Find Galatians 5 and look to verse 16.
Before he gets into the details of the fruit we want our lives to produce, Paul gives us this big picture:
16 So I say, walk by the Spirit, and you will not gratify the desires of the flesh. 17 For the flesh desires what is contrary to the Spirit, and the Spirit what is contrary to the flesh. They are in conflict with each other, so that you are not to do whatever you want.[1]
Sow hat are we reading here?
The flesh is Paul’s way of referring to our animal nature. We’re a bag of chemicals and programming that push us to act certain ways. But at the same time, we are higher beings, with the ability to think and act in ways outside of that animal nature. We have, then, our natural urgings and influences and supernatural urgings and influences. Supernatural in this case meaning something greater and outside of our basic nature.
The Fruit that God encourages us to grow isn’t natural! In many ways, it is the opposite of natural. And yet it is fruit we are able to grow, if we work at it. And in doing so, we become more and more the people we were created to be instead of just what we were born to.
Which we want to do.
Which is why we need to focus on growing these supernatural characteristics in our lives!
So, what is natural and what is supernatural? Well, we’re given lists of suggestions so we’ll know how to classify the various urges, impulses, feelings, and drives and focus them into our efforts to be the best person we can be.
Look down a verse and let’s read the next block of text:
19 The acts of the flesh are obvious: sexual immorality, impurity and debauchery; 20 idolatry and witchcraft; hatred, discord, jealousy, fits of rage, selfish ambition, dissensions, factions 21 and envy; drunkenness, orgies, and the like. I warn you, as I did before, that those who live like this will not inherit the kingdom of God.[2]
All of these things are me-centered – what can I get? – rather than being communal in nature. They are all things which are able to be done thoughtlessly – cravings, impulses given reign while the brain is turned off.
But what is the leading towards higher things encouraging?
22 But the fruit of the Spirit is love, joy, peace, forbearance, kindness, goodness, faithfulness, 23 gentleness and self-control. Against such things there is no law.[3]
And what we’ve talked about the last couple of weeks is how we are told that all of these things are together the singular Fruit of the Spirit. These are all interconnected aspects of the same supernatural drive to become something more than animals, something focused the other, on working together to achieve more than our own gratification.
We’ve spent some time on Love, Joy, and Peace. Today let’s look at Forbearance, also called patience, and on Kindness, so we can see how allowing these flavors to enter our lives not only helps us, but also those whose lives we touch and, through them, the whole world.

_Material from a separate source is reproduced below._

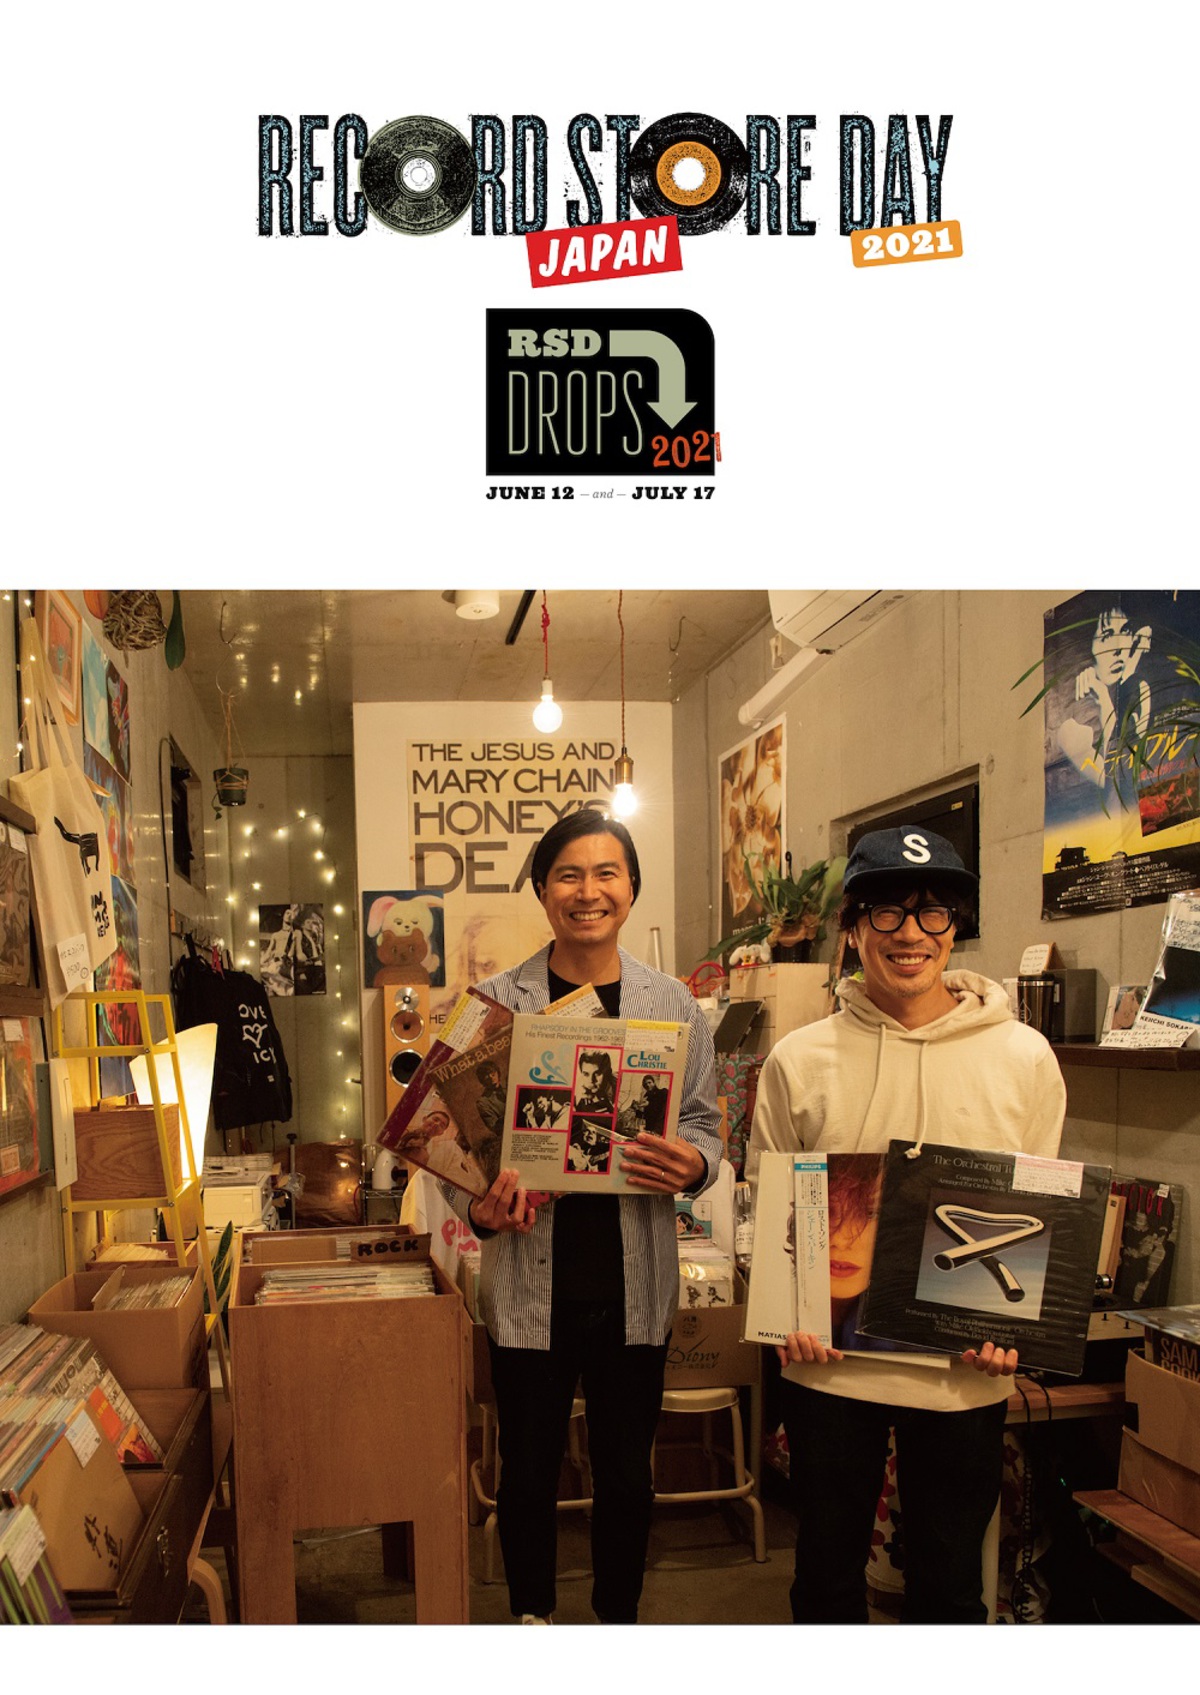 くるり Record Store Day Japan 21 アンバサダー就任 天才の愛 Thaw Lp盤6 12発売決定

Small decisions from individual people always make bigger ripples than they realize.
Hatred, rage, selfish ambition… these are all impulses we know because they come to each of us. We see ways we can seize advantage or power over another to benefit ourselves or our desires and we take it. It may be a theft of something small or large or a striking out against someone or something in an effort to feel superior.
This has always been the way and it still is, because too often we allow the natural to rule over the supernatural.
How is the supernatural urging of the Holy Spirit different?
Well, how about in the insistence that patience rule over impulse?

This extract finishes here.